● The data:

:::

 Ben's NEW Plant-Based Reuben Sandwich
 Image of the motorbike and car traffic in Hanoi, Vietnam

:::

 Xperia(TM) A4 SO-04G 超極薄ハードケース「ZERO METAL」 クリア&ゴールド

:::

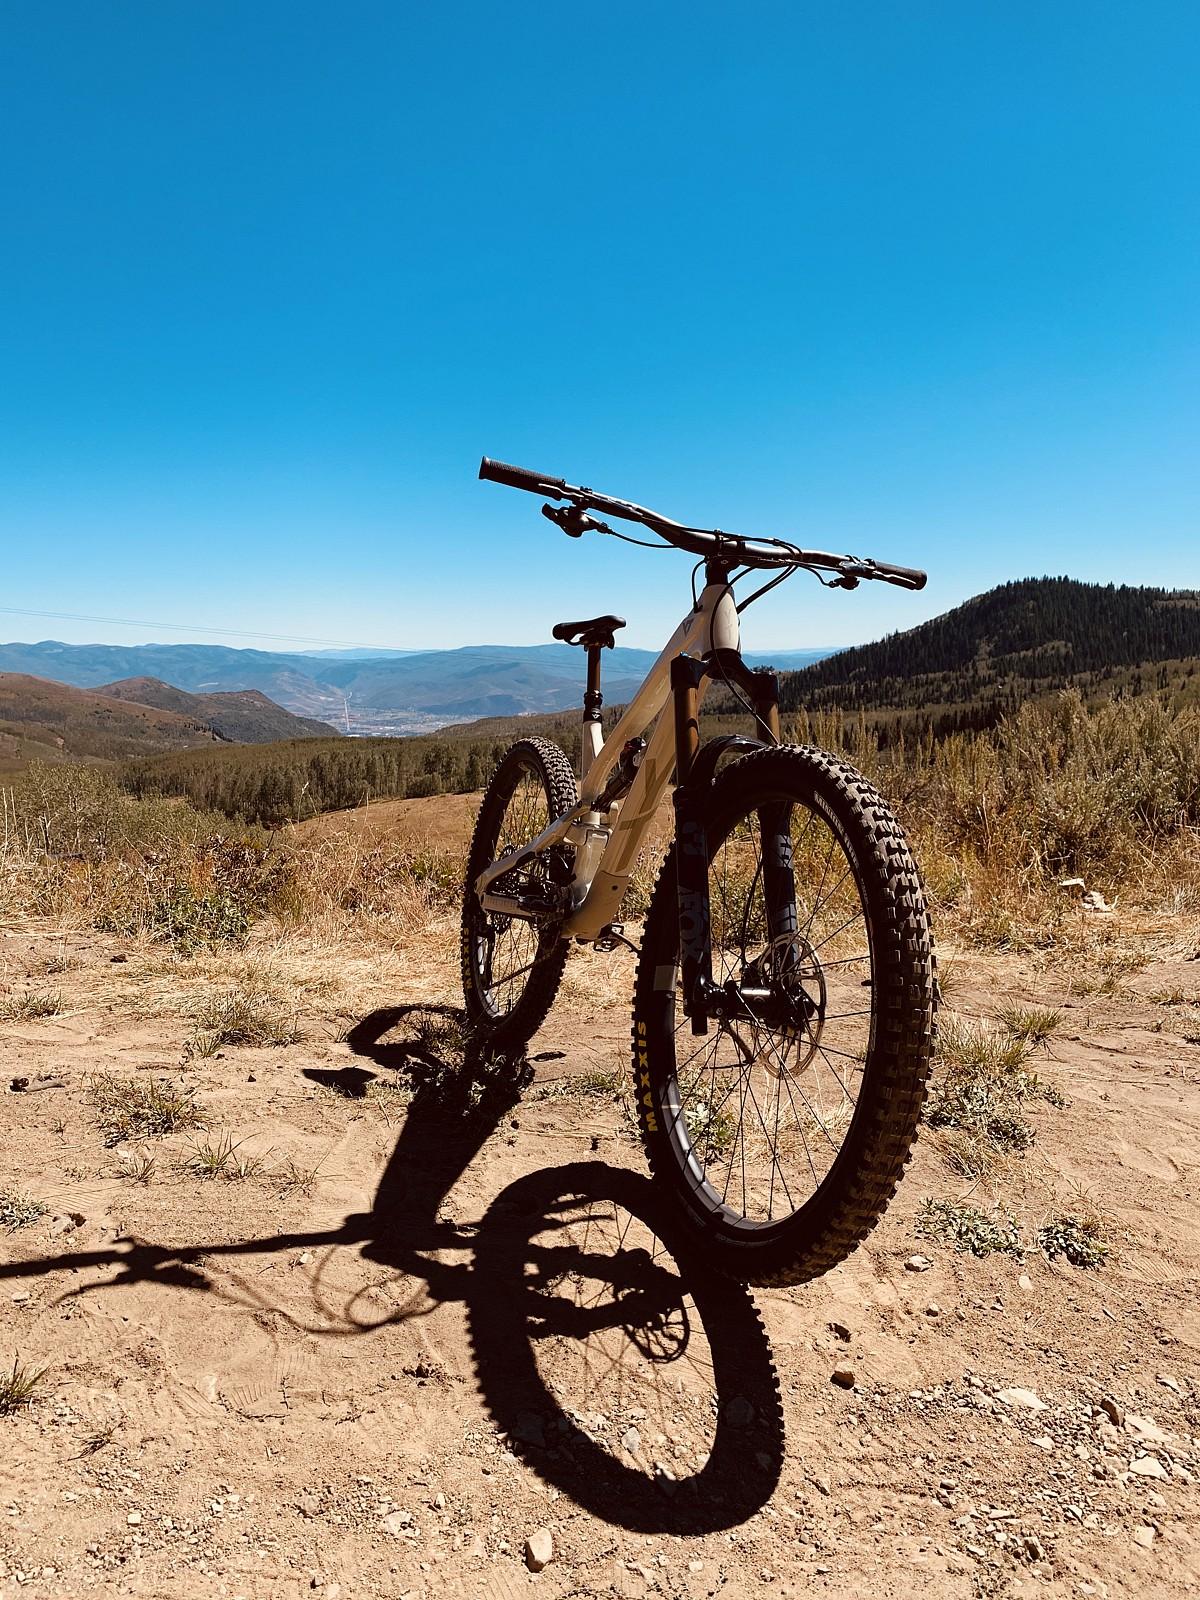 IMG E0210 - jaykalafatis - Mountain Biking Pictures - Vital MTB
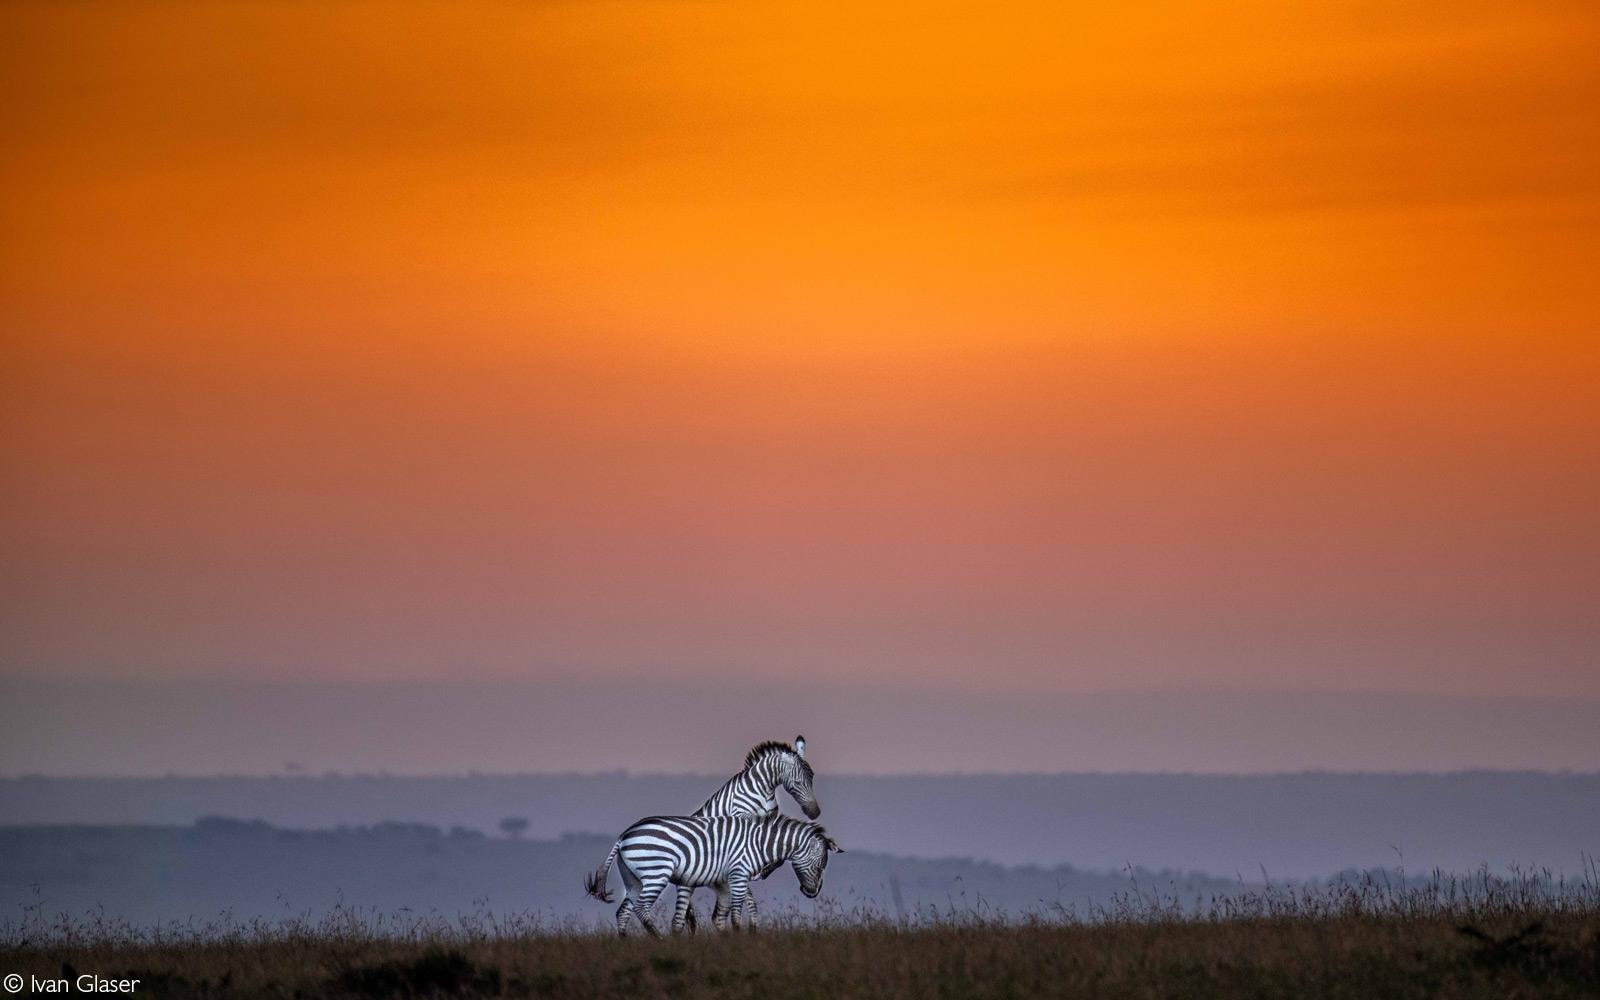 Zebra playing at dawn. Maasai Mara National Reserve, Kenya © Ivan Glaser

:::

● Aim of the task: Begin at the line above that has "Ben's NEW Plant-Based Reuben Sandwich" and stop after the line that has "Image of the", copying each line exactly and adding nothing else.

● Output:
 Ben's NEW Plant-Based Reuben Sandwich
 Image of the motorbike and car traffic in Hanoi, Vietnam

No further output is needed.